In this post, we’ve listed some awesome computer vision GitHub libraries that we hope will inspire all AI developers to build their projects just like this.

GitHub knowledge base for computer vision

1. 3D face reconstruction using CNN (★ — 4.1k)

This GitHub repository has a project where convolutional neural networks are used to reconstruct 3D face models using 2D images. This is a comprehensive repository, and we can choose to use the model in different languages (such as MATLAB, Python, etc.). To make it more interesting, we can even use our own images or our own examples and test them on this model.

2. Real-time multi-person pose estimation and Tracking system (★ — 4K)

This real-time multi-person pose estimation tracking system is called AlphaPose. The system is basically a way to map individual movements in real time. In addition, it can also estimate the individual’s posture. Again, this repository can help you gain more insight into how such a system works. This can also be a starting point for building software that takes advantage of this attitude estimation and tracking capability.

3, Using deep neural network for automatic coloring of photos (★ — 2.3K)

Another interesting computer vision project uses deep neural networks to color black and white photos. This computer vision GitHub repository contains Python code in the Jupyter notebook to make it easy to understand. In addition, there is a rich set of image data for training and testing models built for this task.

4, use generated neural network to edit nature photos (★ – 1.9k)

This repository is the code host for the research paper “Neural Photo Editing with Introspective advention Networks.” This project includes a simple interface that we can use to generate neural networks to edit nature photos. The current version is compatible with Python version 2.7, but there are still some inconsistencies with the latest version of Python.

5, Convolutional recursive Neural network for image recognition (★ — 1.7K)

This is a very interesting GitHub library where you can build an image recognition system using convolution recursive neural networks. The project is also useful in building scene text recognition and optical character recognition. The repository contains data sets for training and testing purposes, as well as demonstration examples.

6, Image removal blur using generated adversarial network (★ — 7.8k)

A lot of times we get annoyed with blurry images, and this GitHub repository has a solution. The PyTorch implementation of this paper entitled “De-blurring” basically takes a blurred image as input and uses a generation adversarial network to produce a clear image of the input. Again, the repository has complete source code and different kinds of data sets that can help you better understand and properly test the models you build.

7, Painting artificial intelligence — Deep reinforcement learning model, using strokes to generate painting (★ — 1.7K)

The Drawing AI GitHub library contains a model based on deep reinforcement learning that teaches machines to draw pictures of human drawings by using fewer strokes. Since it is based on reinforcement learning, the program does not require data for training purposes. Agents teach themselves to paint just like humans. I strongly encourage you to check out the warehouse and give it a try.

8. Lip Reading — Cross-audiovisual recognition using 3D architecture (★ — 1.4K)

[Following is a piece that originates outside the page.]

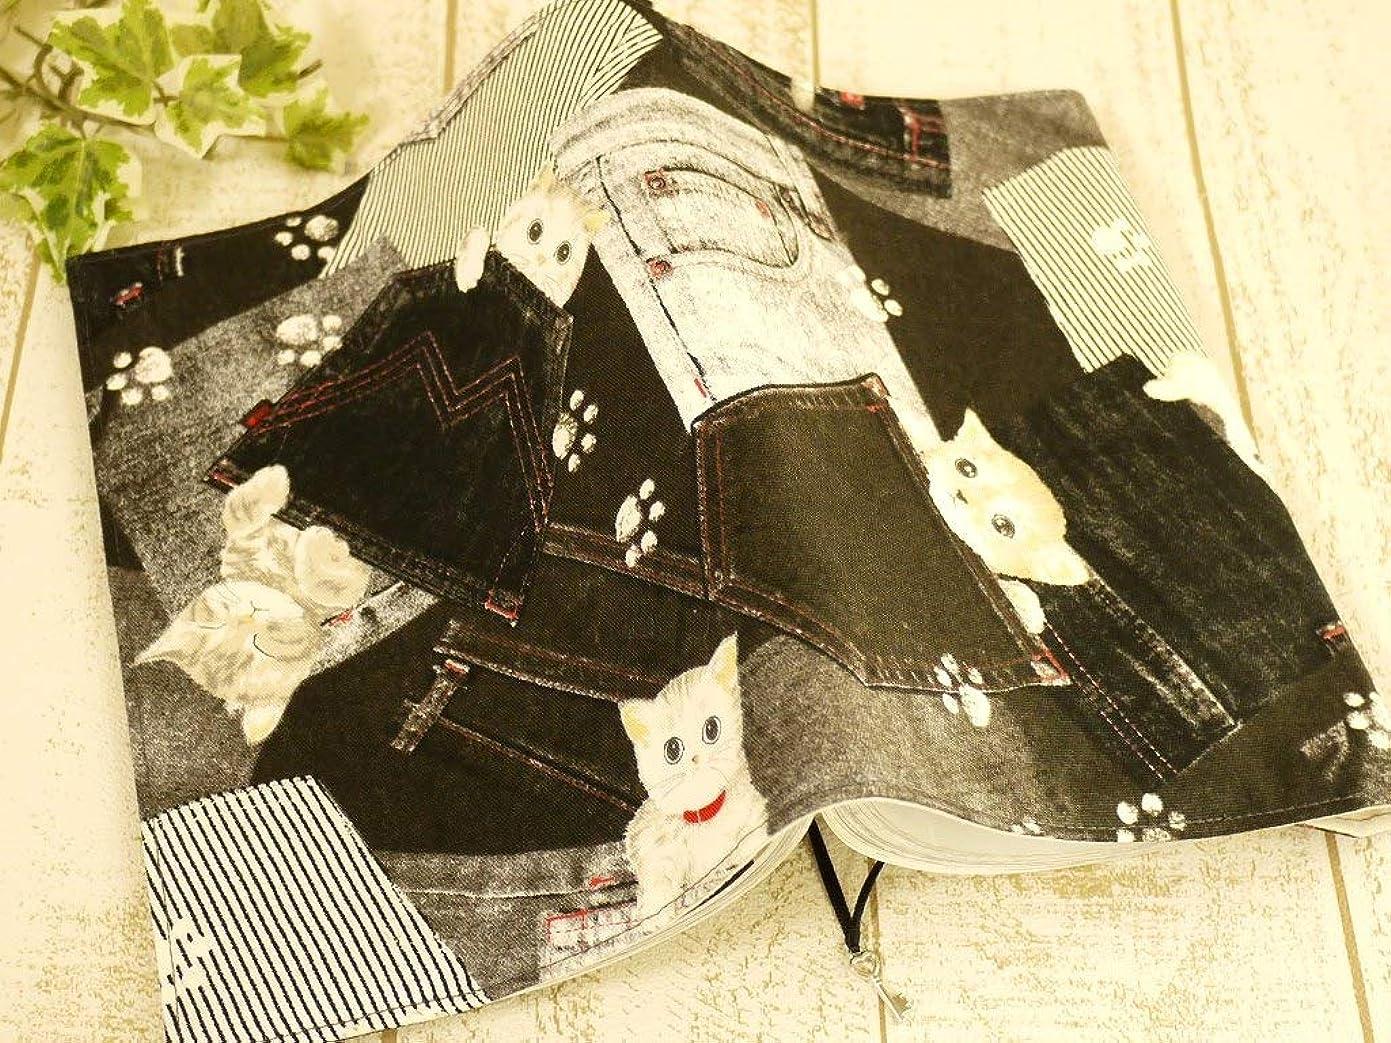 かるなめらかな検体++proud++布製ブックカバー/A5サイズ 21.1×15.0++猫柄[ポケット/黒]ゴム付き++

Lip-reading is a computer vision project designed to solve problems encountered in audio and video streaming. The project uses audio-visual recognition to map audio and video. All of this is done using a 3D convolutional neural network architecture for mapping operations. The warehouse will certainly help build models to combat fake videos and other such misdeeds.

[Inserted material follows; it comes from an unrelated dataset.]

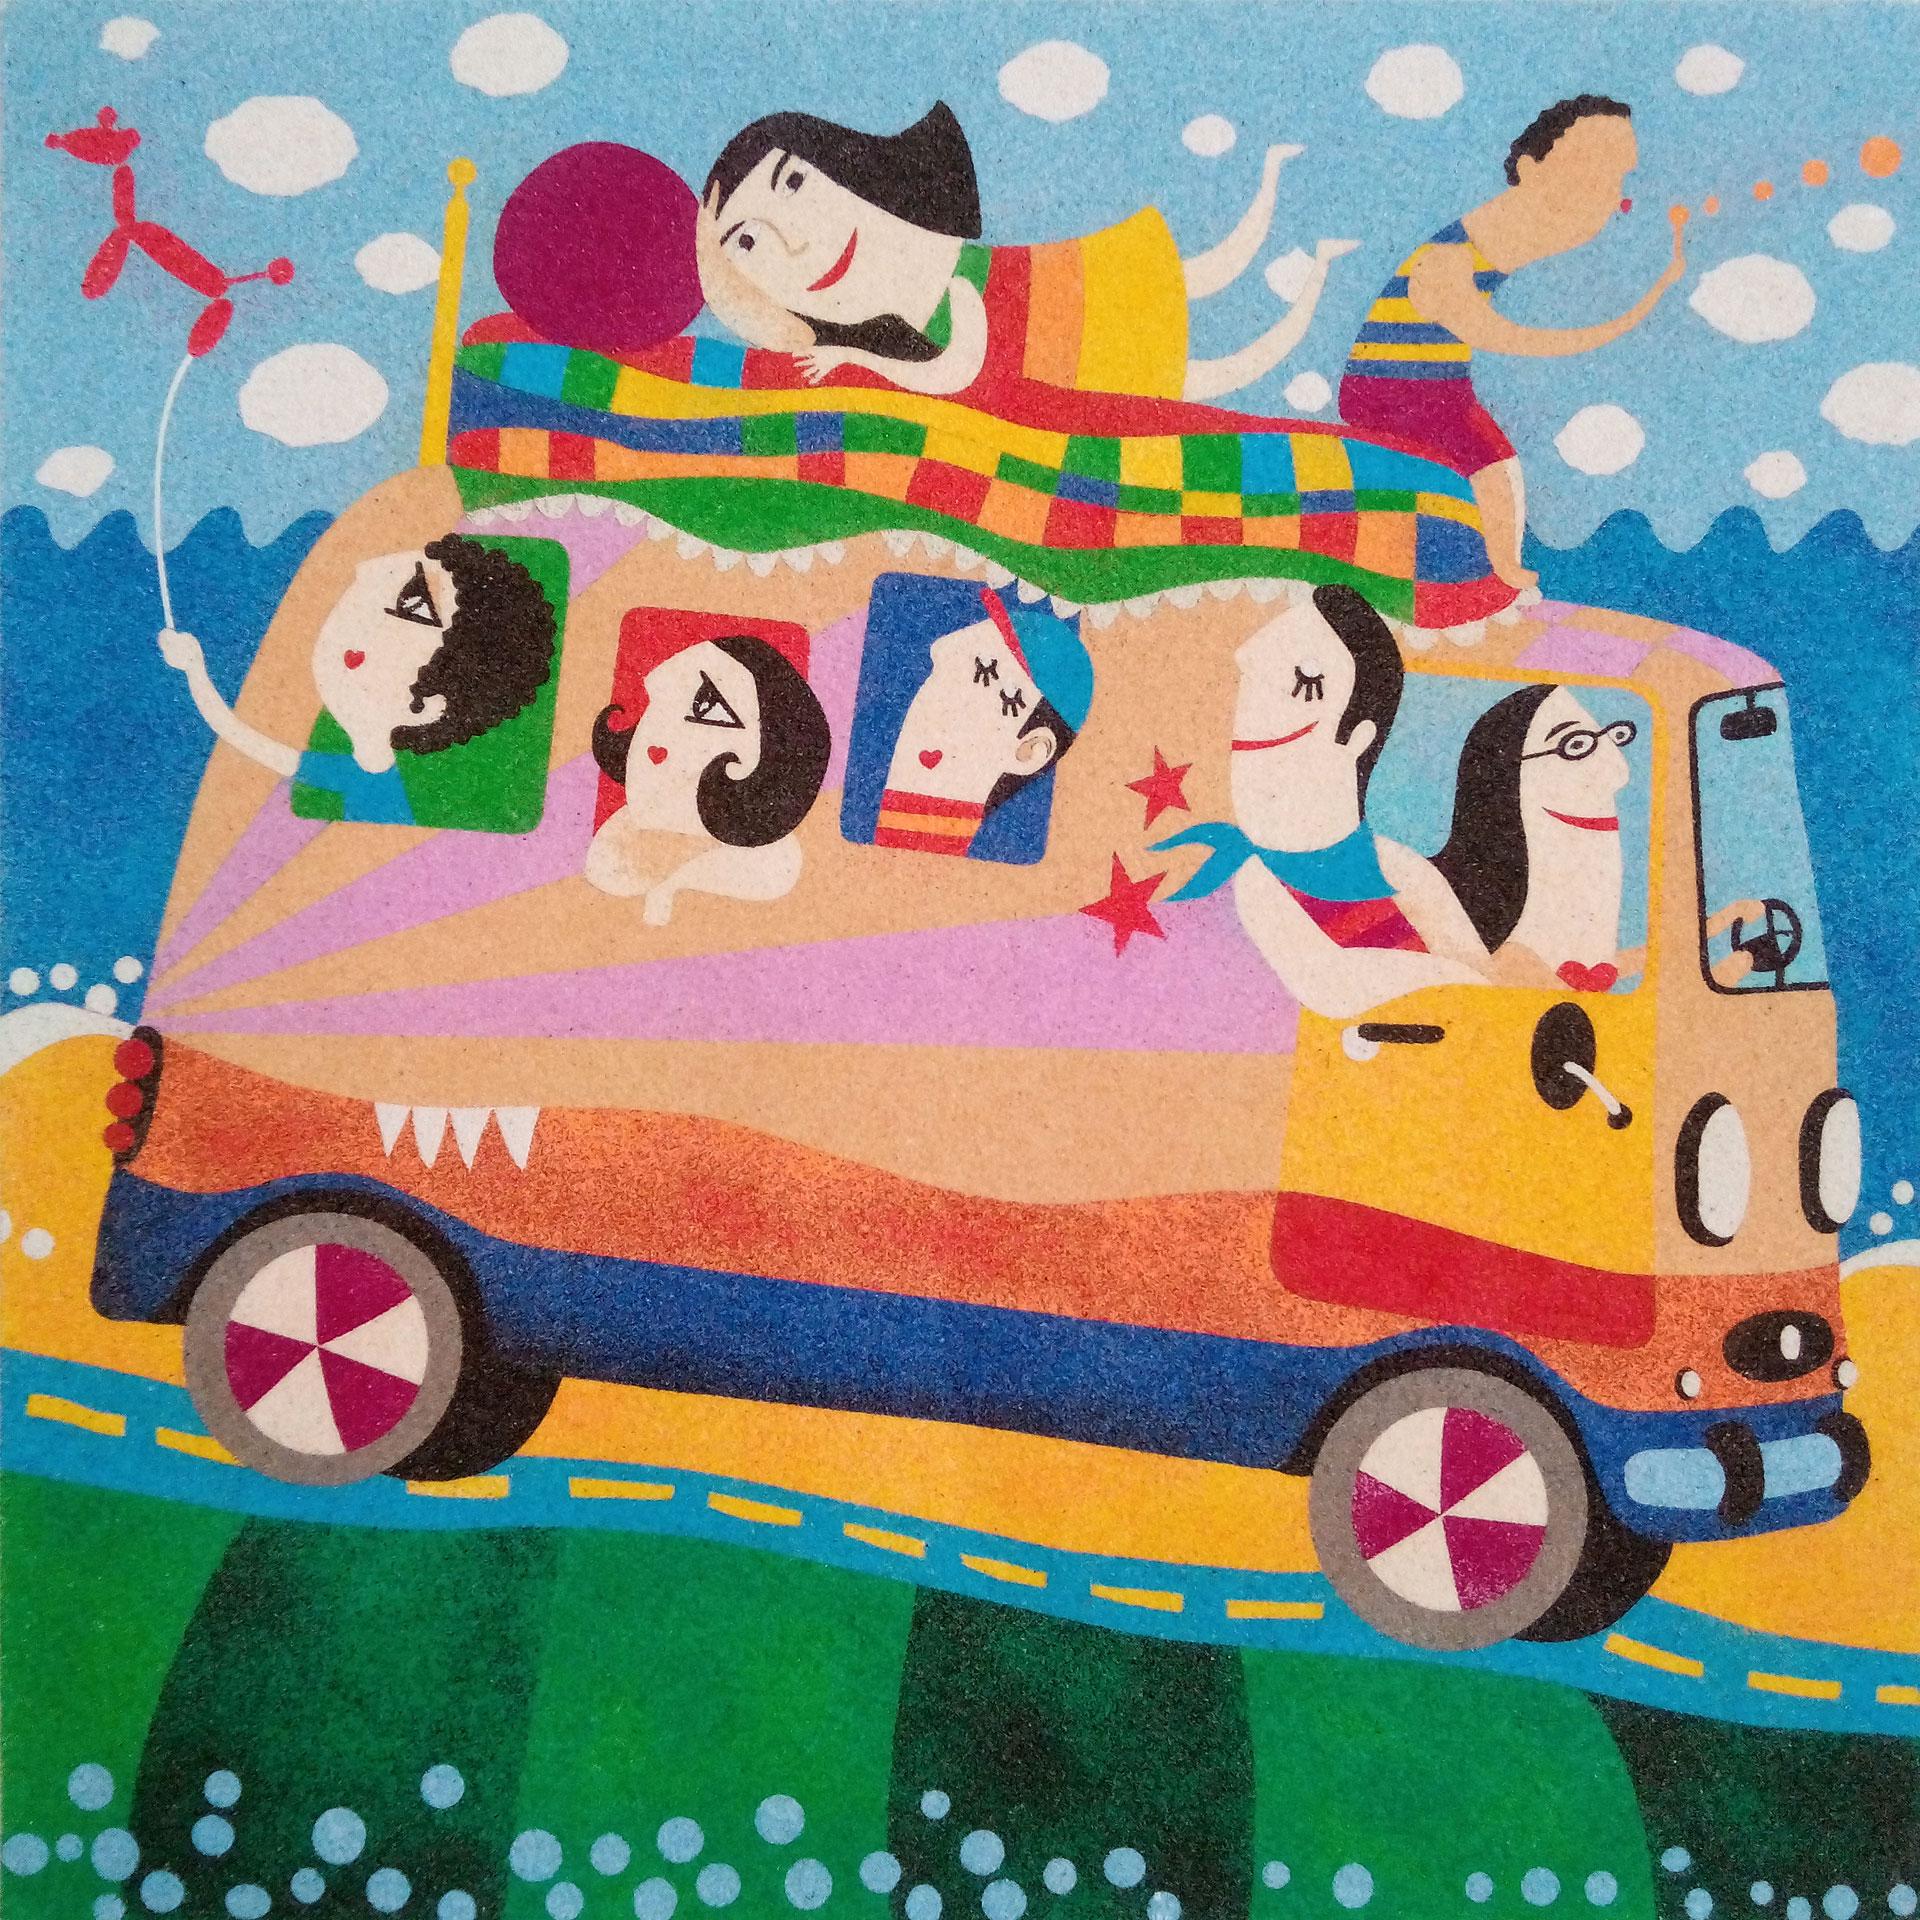 Excursión Bus de Leandro Lamas. 2 medidas disponibles

9, quick drawing – interactive drawing recognition tool (★ – 677)

Quickdraw is a computer vision project that can be used to identify a set of objects (similar objects) drawn using a pen. The model then tries to predict objects from a list of objects it has been trained to recognize. Quickdraw is basically an online game developed by Google. Another version of this project is to identify the project drawn on the canvas.

10, image animation using first-order motion model (★ — 3.9k)

This is a very amazing computer vision GitHub project where we can animate human faces from videos or images using our own faces as simulators. The model takes driving video and maps its motion onto still images to make the motion look real. The same concept applies to fashion data sets.

11, Fashion MNIST (★ — 7.8k)

This GitHub repository is made up of images of people wearing different kinds of clothes. The repository has a training set of 60,000 images and a test set of 10,000 images. Each image is a 28×28 grayscale image. It contains models built using available data sets. In general, the repository also helps validate your own machine learning algorithms by using it on your data sets. This is a beginner friendly data set, so they can get a feel for computer vision projects from this repository.

12, Cool Computer Vision Projects (★ — 37)

The library contains many interesting computer vision projects, such as face recognition, digital recognition, facial expression detection, object detection, object tracking, and so on. Through this library, you can learn some really cool things about computer vision. You can take inspiration from these projects or add features that extend them. This will really help you learn a lot and add to your personal project experience.

13, Intermediate Level Computer Vision Projects**(★ — 13) **

This is another useful GitHub repository that has multiple computer vision projects such as gesture recognition, face recognition, content-based image retrieval, and more. These are good projects for the intermediate level and will help improve your experience in the field of computer vision.

conclusion

In this article, we look at the GitHub repository for many computer vision projects to inspire you. We hope it will help you create your own computer vision projects, amaze others, and enhance your learning experience.